A few additional things that is worth paying attention to: while the general idea is that there is a primary site and a DR site, note that SRM (and most storage replication algorithms) support bidirectional replication so that both data centers can have production workloads and can be configured to failover one over the other. This is why some customers are using these tools as a replacement for proper Campus solution in some circumstances. However, as we noted, this solution misses the key characteristics of a Campus solution (i.e. for example single stretched cluster and failover automation).

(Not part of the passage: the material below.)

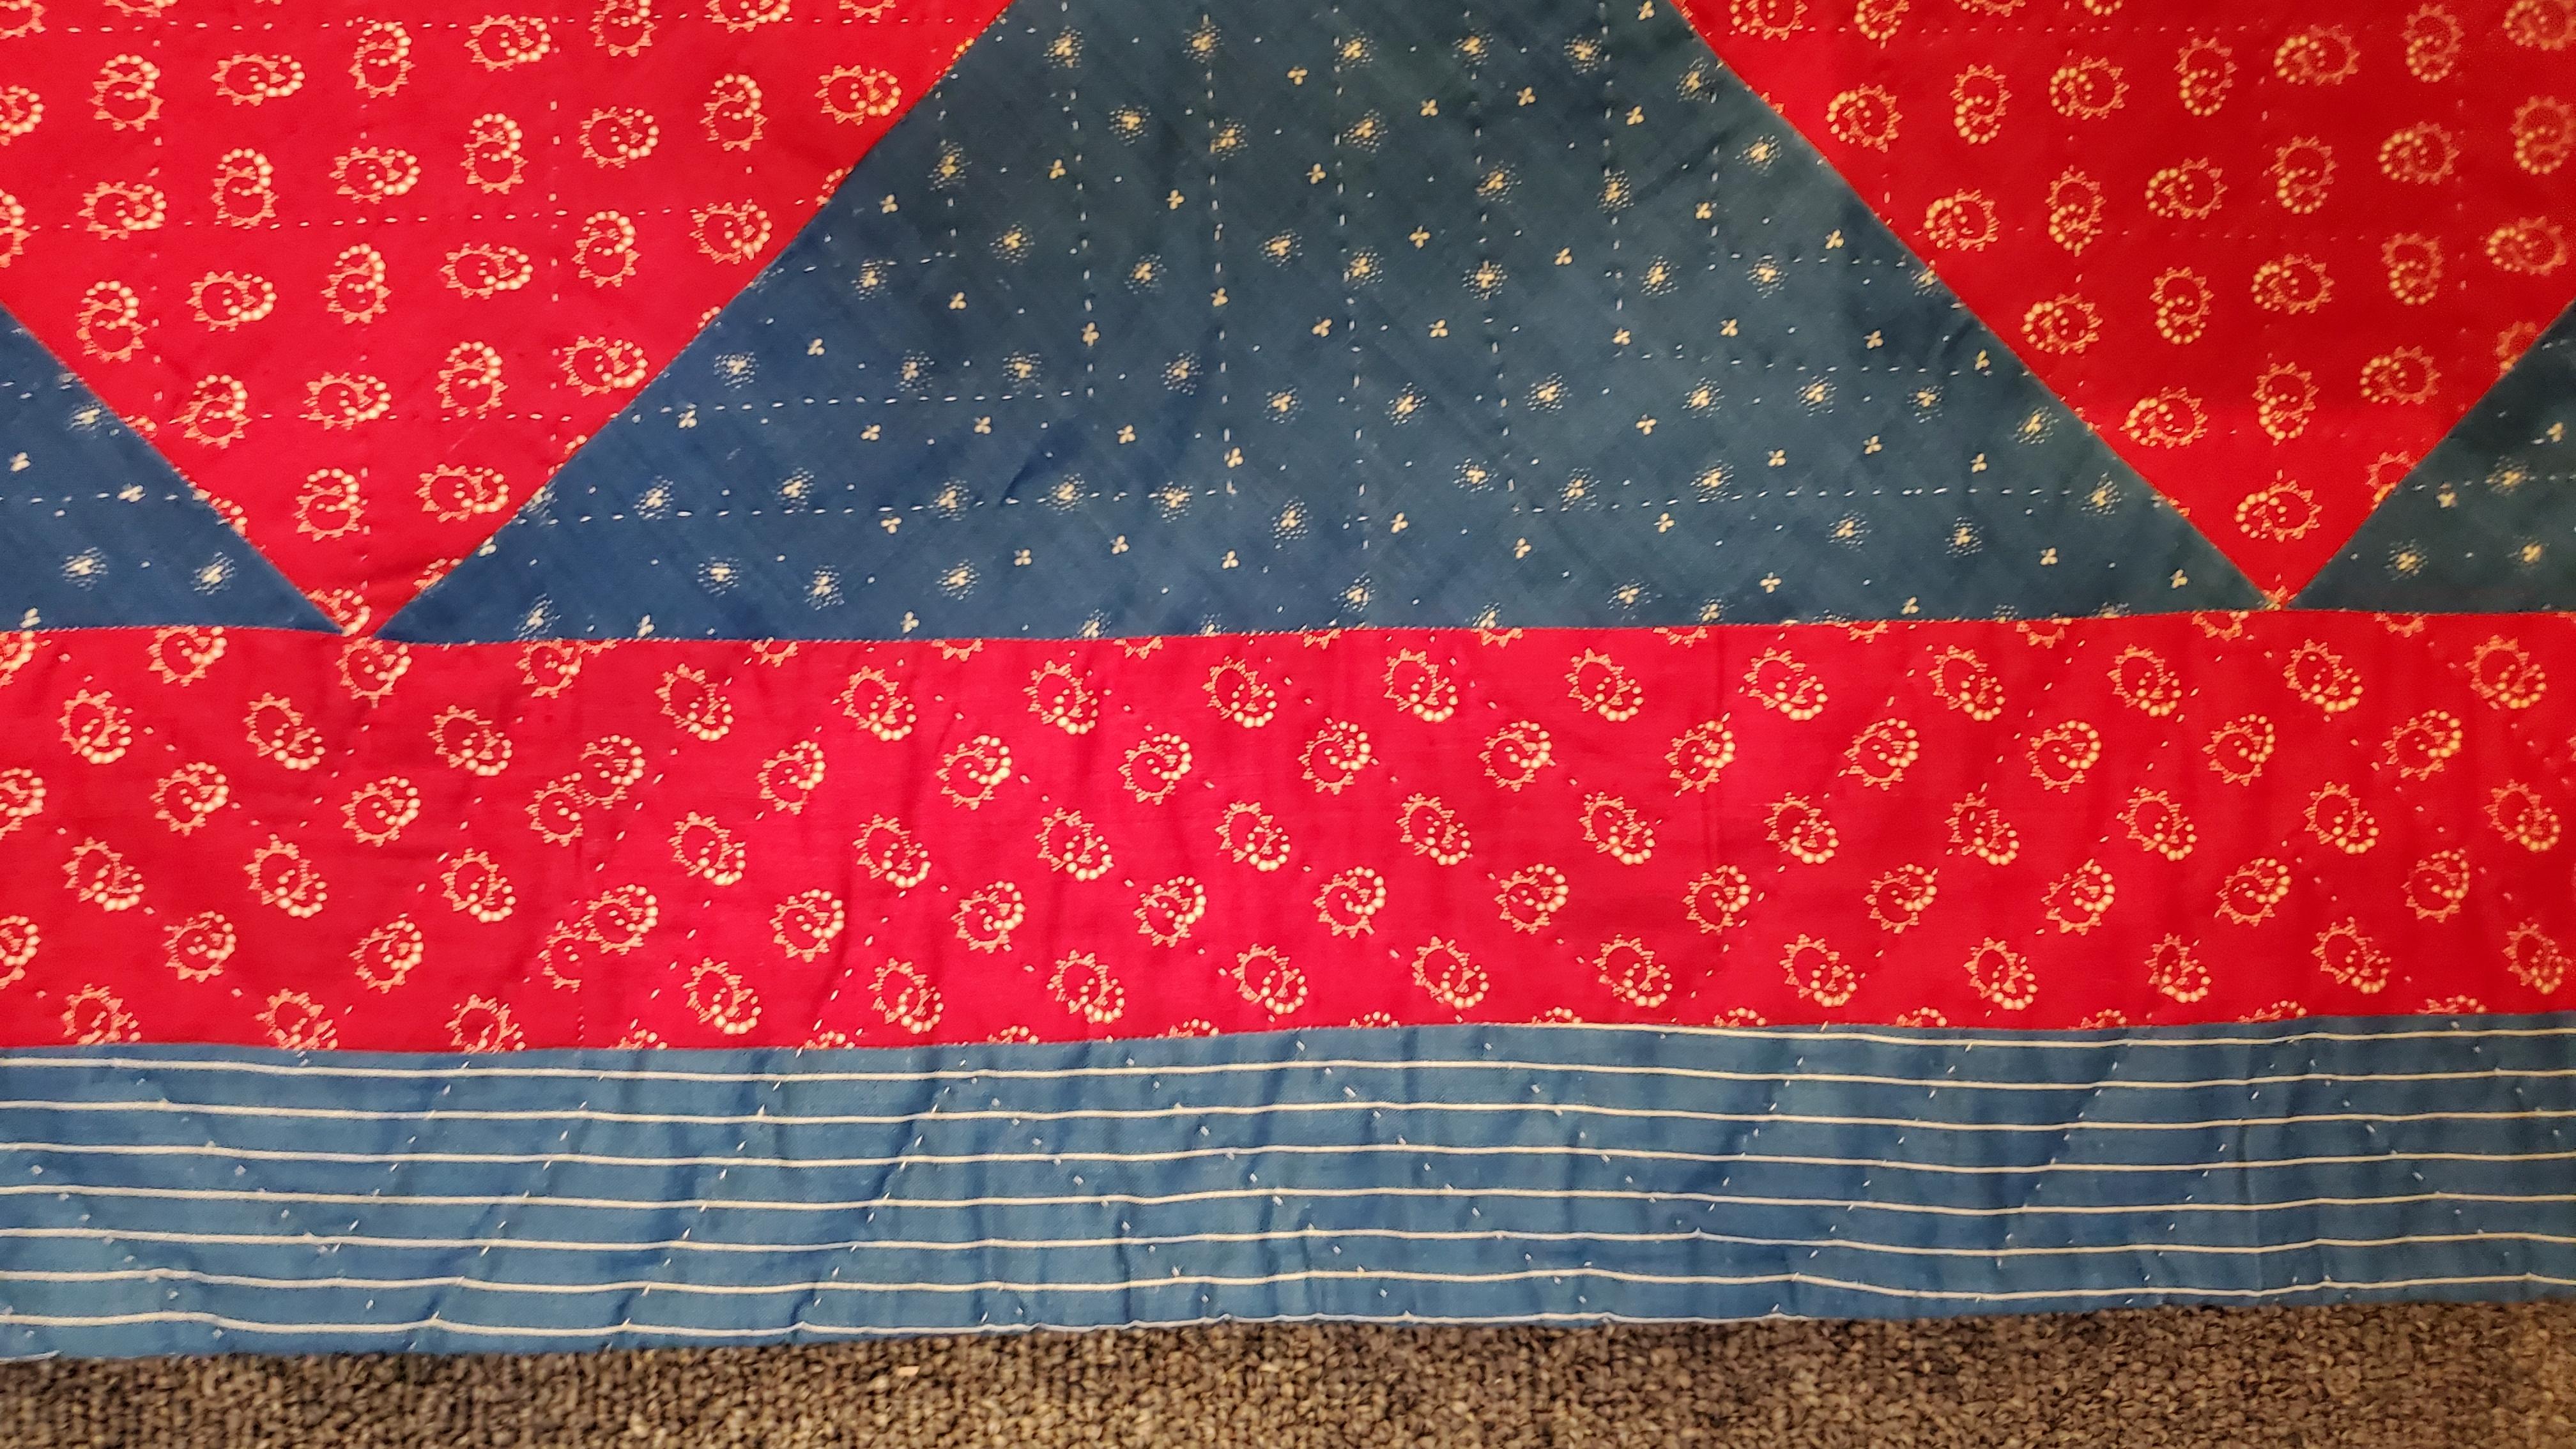 Hand-Crafted 19Thc Red & Blue Calico Blocks Quilt For Sale
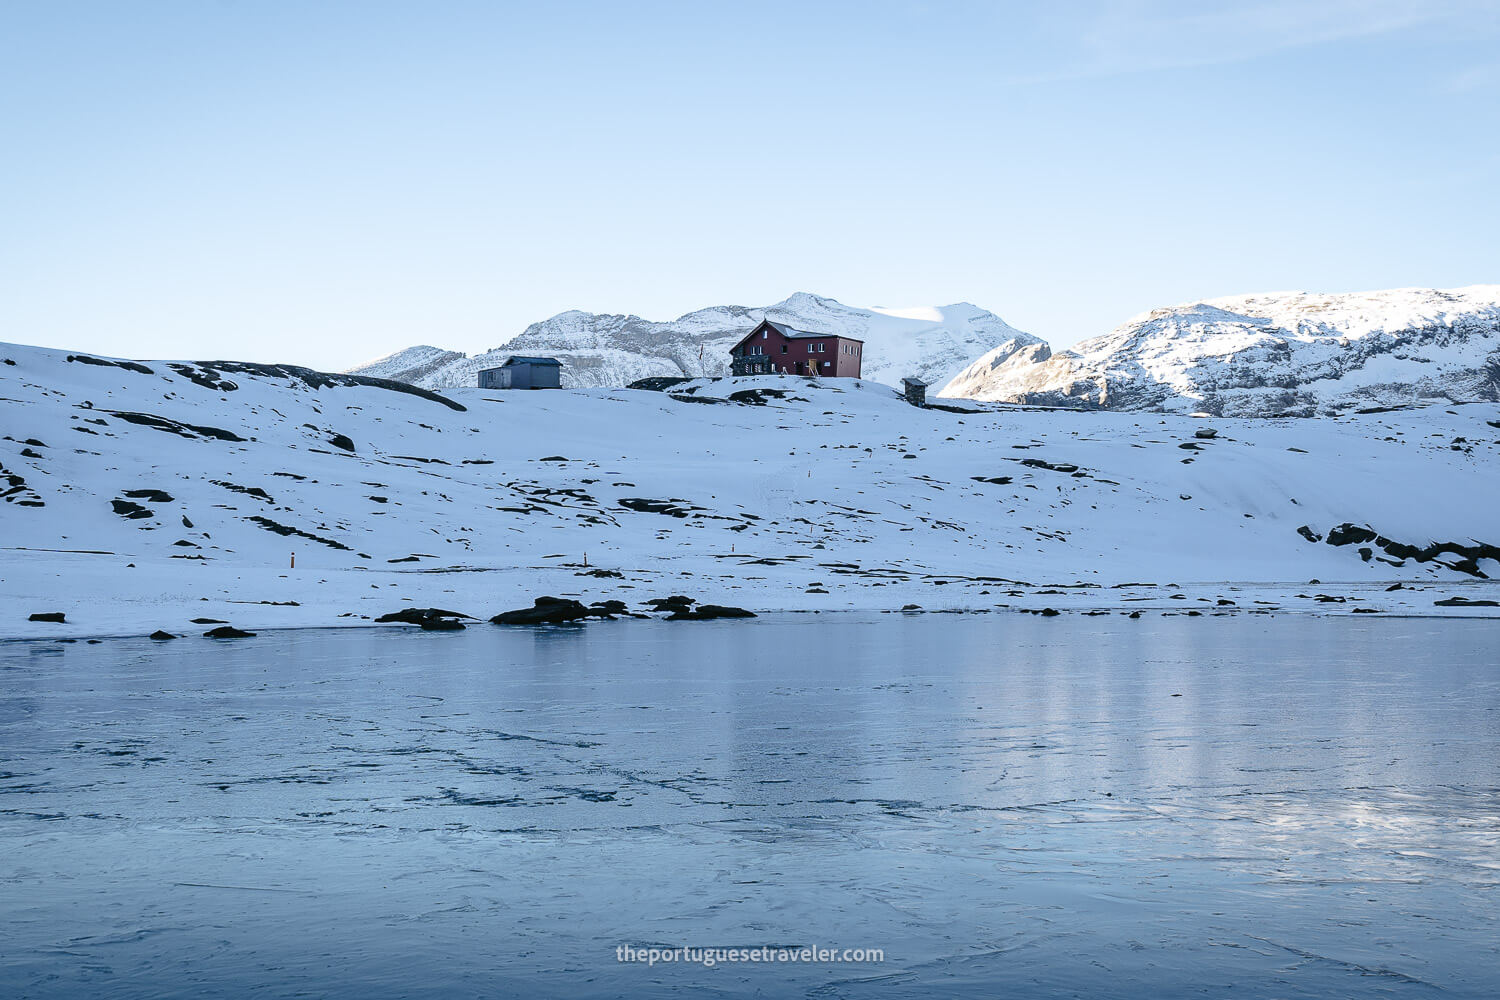 The Muttsee Hut over a frozen lake

Another important aspect to keep in mind is that the current SRM release (4.0) does not support the failback process out of the box (one may argue that many customers do not have processes in place to support that either). While some storage vendors (such as EMC) have developed scripts that make the failback process a bit easier, the fact is that it's painful and not built-in into the (current release of the) product. This ties back to the positioning discussion we have done already. If you want to use this solution for real DR purposes it may make sense to see a failback process as a project of its own. I have been working with a customer, as an example, that didn't even consider a failback process and, in case of such a catastrophic event that would trigger a DR response, the DR data center would become the production datacenter indefinitely. At the time of this writing the official failback procedure is to reconfigure SRM and create DR plans that are the exact mirror copy of the original DR plans. In that case you can push the red button and trigger a so called "scheduled DR event". This will of course account for another downtime of the entire infrastructure (but at least this time can be scheduled).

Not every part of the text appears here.